I think alot of people have problems manifesting their desires while following the law of attraction because of a few reasons: they don’t really believe they will receive the desire (resistance); they don’t want it bad enough (burning desire); or they are not focusing on the true desire. Its easy to cut pictures out of magazines, write affirmation statements and read books, but its harder to change your thoughts to align with your desires and to truly believe that well-being is always flowing to you.  

 

Making Your Dreams Come True

I think our culture promotes material things as markers of success.  These can be markers of financial success but there are other arenas where one can be successful. In my opinion, to truly be successful, you must strike a balance between the different areas of your life. We’ve all heard stories of business giants who were married 5 times, or spiritual leaders who’ve had financial problems. Its hard to be happy with your perfect mate if you’re worried about keeping the lights on, or be dedicated to your career when you have no one to go home to at the end of a long day.  

 

One thing that may help you along your journey is evaluating how close your dreams are to who you really are. Your best friend may want a white, two-story house equipped with picket fence, husband, 2.5 kids and a dog. Whereas you may be driven to reach CEO status of a major corporation. She won’t be happy reaching your dream, just as you’ll be miserable in the attainment of hers. Thats why I question the one-size-fits-all markers of financial success that alot of people cling to. Whats different about me, though, is that I don’t believe that money is the root of all evil and I don’t have a negative viewpoint on material possessions as goals.

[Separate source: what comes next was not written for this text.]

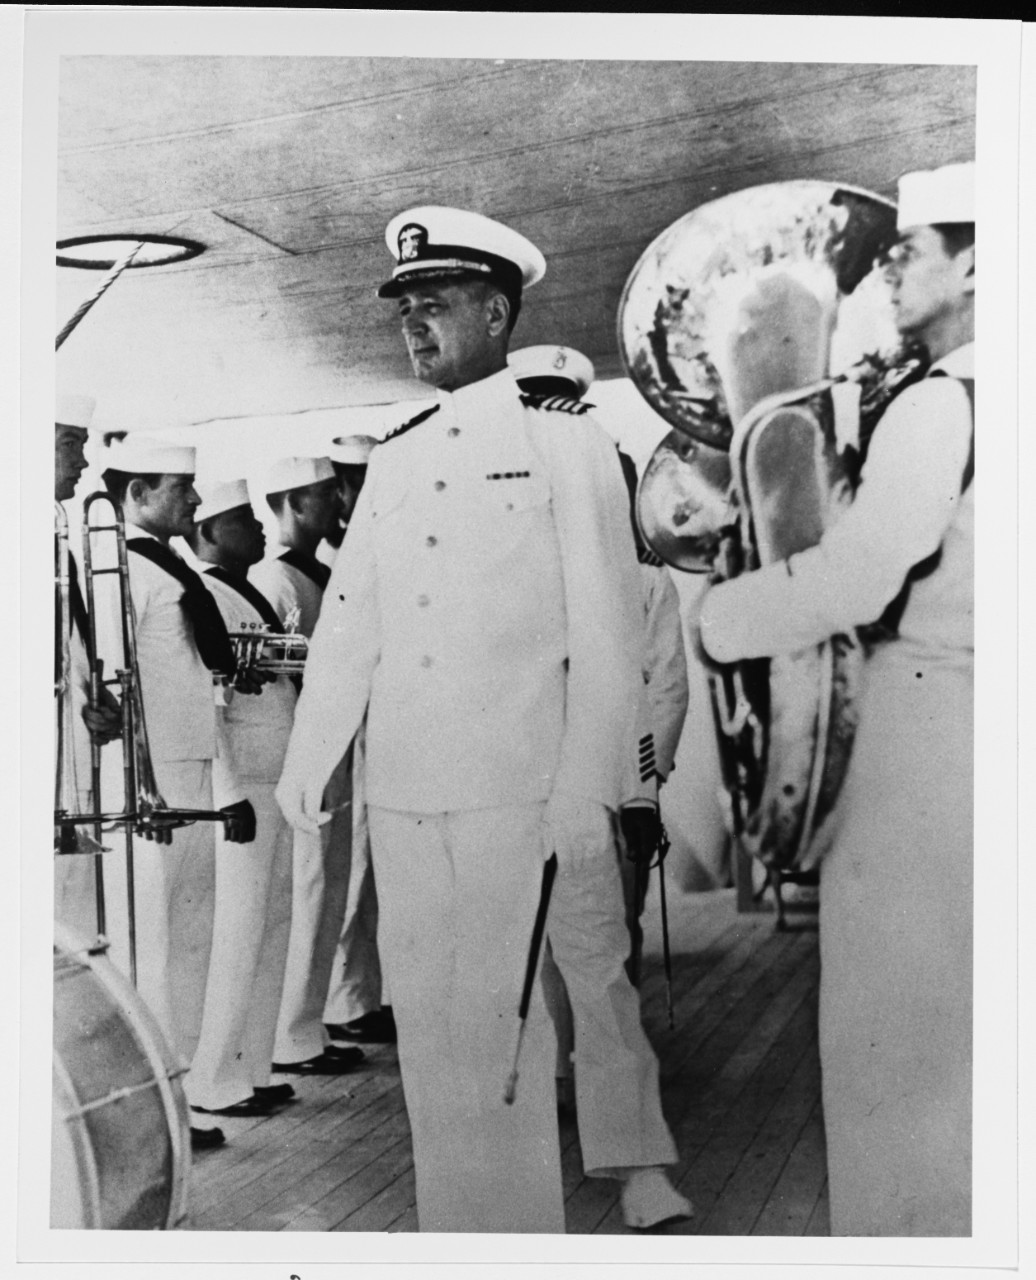 NH 93158 Captain Albert H. Rooks, USN

I just want you to really understand what you’re asking for, how it will fit into your life, and if that possession will truly make you happy.  

 

There’s nothing worse than achieving a goal, only to realize that it didn’t make you happy.  

 

On the flip side of that, I believe that one of the reasons that we live is to experience the journey of life. So you should enjoy the manifestation of that mansion on your vision board, just as much as you enjoy turning your new keys in the lock for the first time. If its solely about the thing, then what happens when you get it? You should ask yourself these questions as well.  

 

Lastly, another pitfall of material possessions as markers of success is the emptiness that can come after their attainment. Once you have the house, the car, the vacation, what next? What will you dream about after that? If you choose goals that are true to you, your dreams will grow and change along with you. So for me, once I manifest my Audi, my luxury home and my wonderful husband, my next dreams will be based on our shared goals and other personal goals, such as writing my first book, expansions of my online business, etc.  

 

You can be, do or have anything and everything you want. What are the goals, dreams and aspirations that you’re working toward?